**GOAL OF THE EXERCISE:** You are asked to reproduce the listing exactly and to omit its pictures.
DATA SHOWN Start Marker
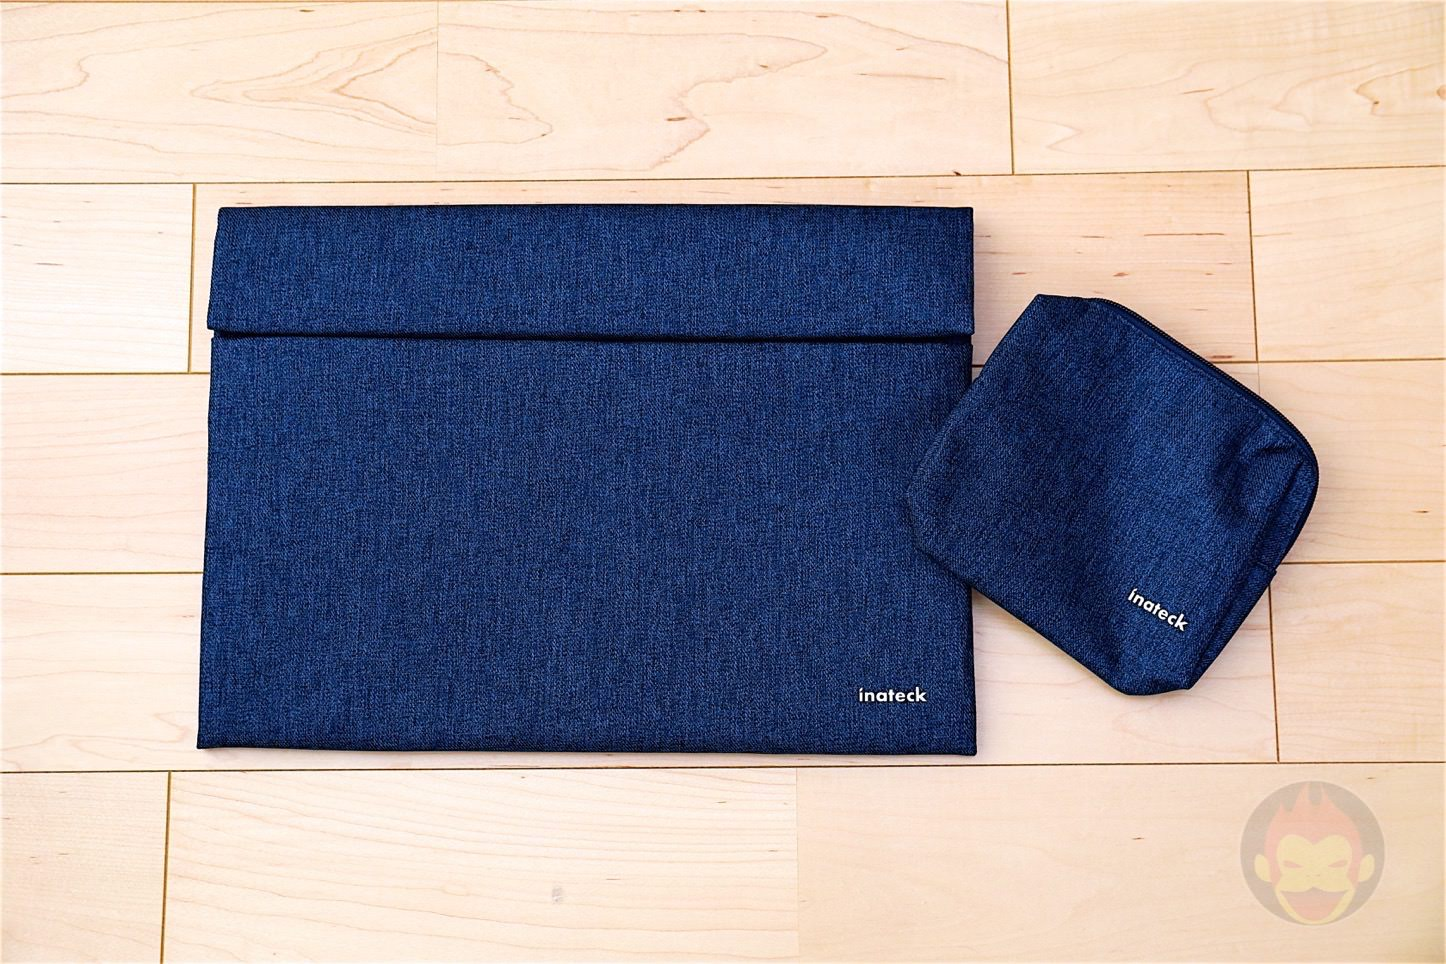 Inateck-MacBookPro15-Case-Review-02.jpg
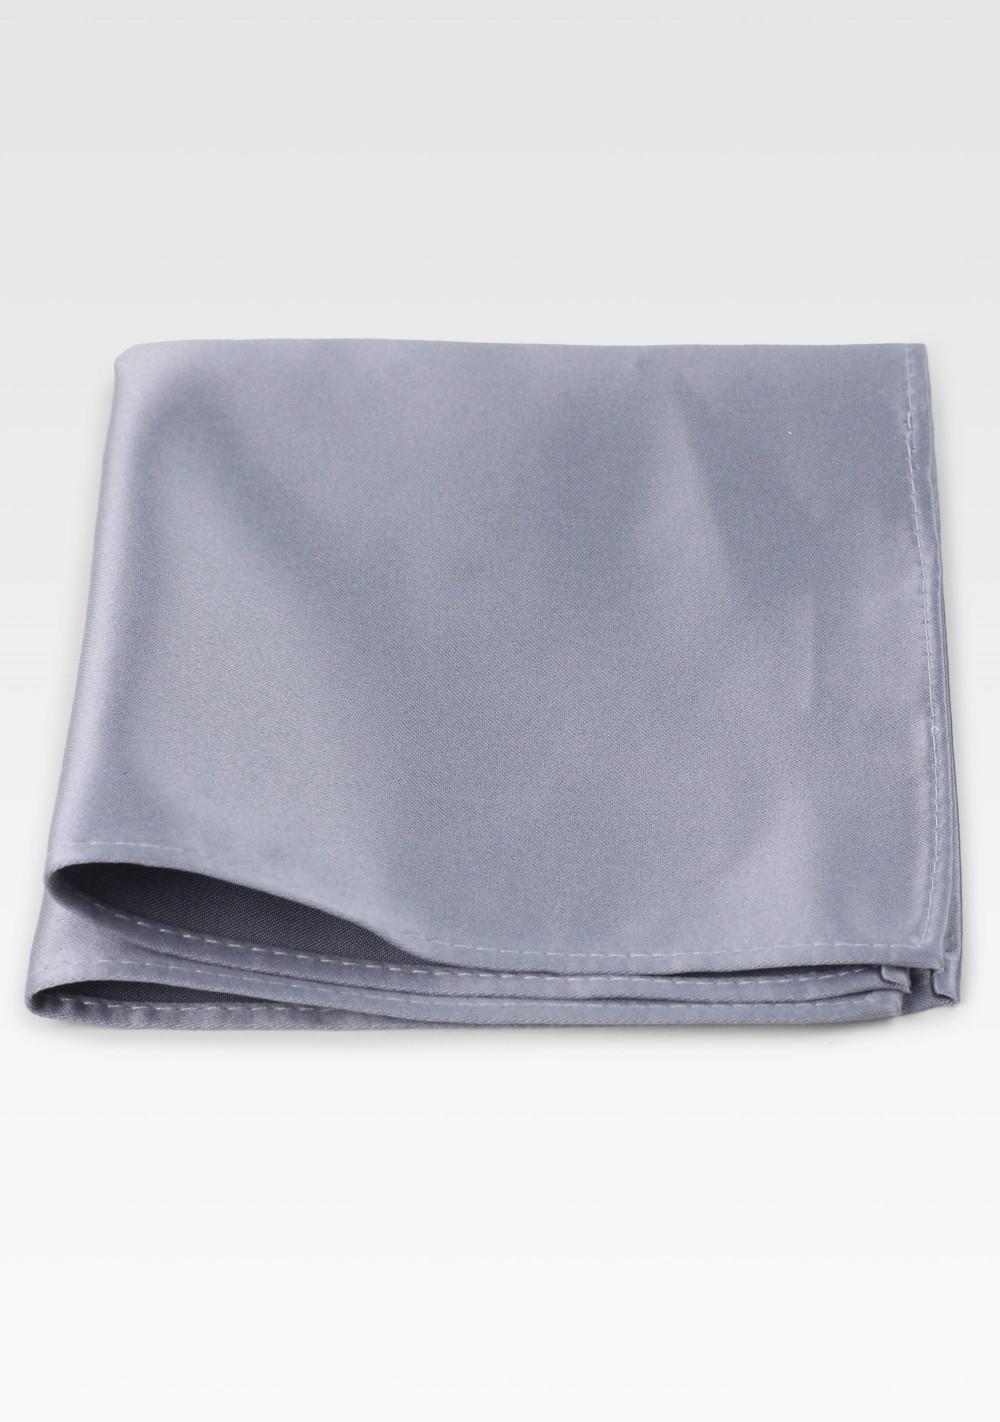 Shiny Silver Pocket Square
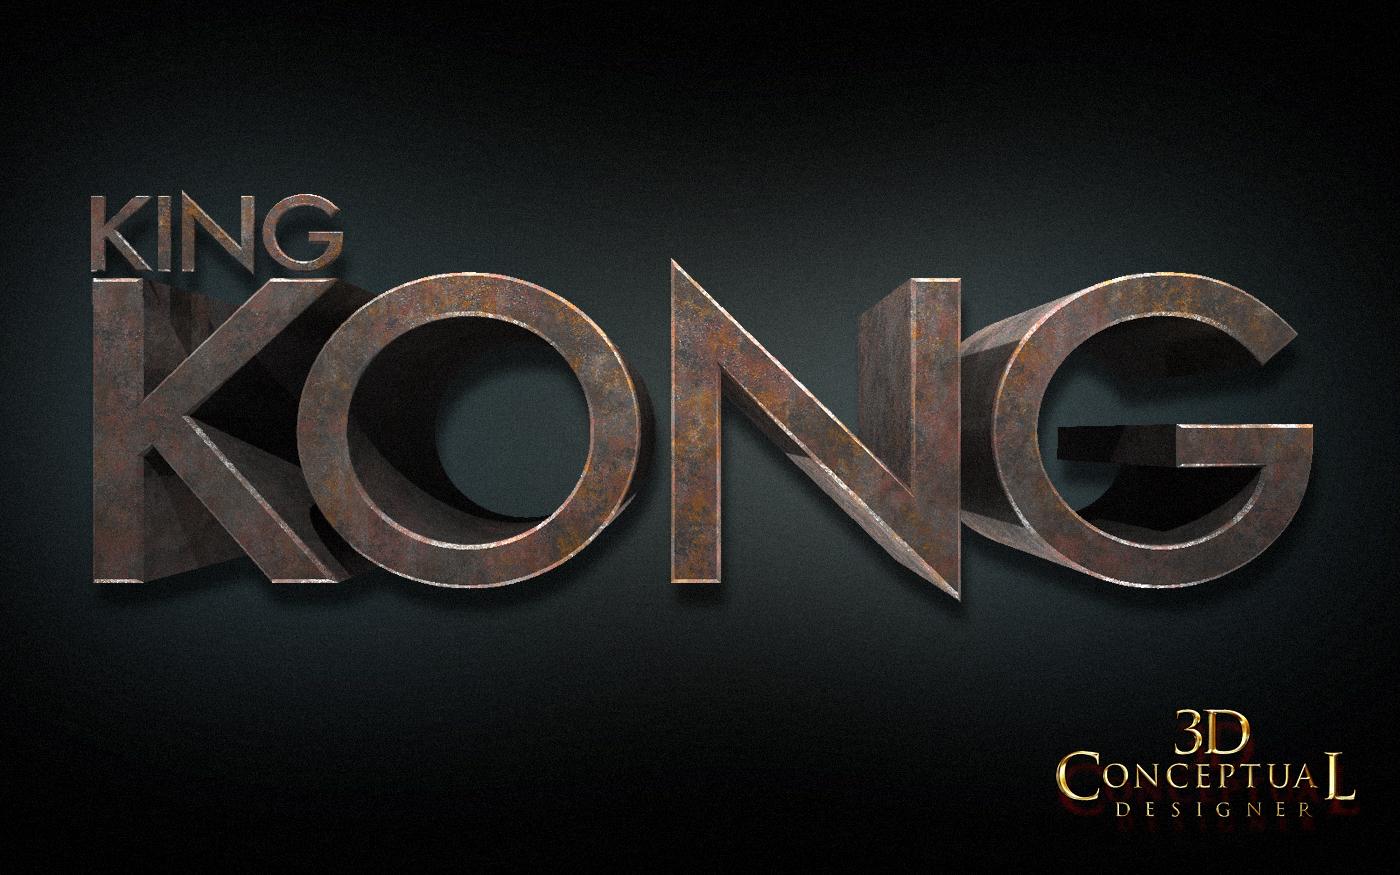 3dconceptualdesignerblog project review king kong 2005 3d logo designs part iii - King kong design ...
DATA SHOWN End Marker
**ANSWER BELOW:**
 Inateck-MacBookPro15-Case-Review-02.jpg
 Shiny Silver Pocket Square
 3dconceptualdesignerblog project review king kong 2005 3d logo designs part iii - King kong design ...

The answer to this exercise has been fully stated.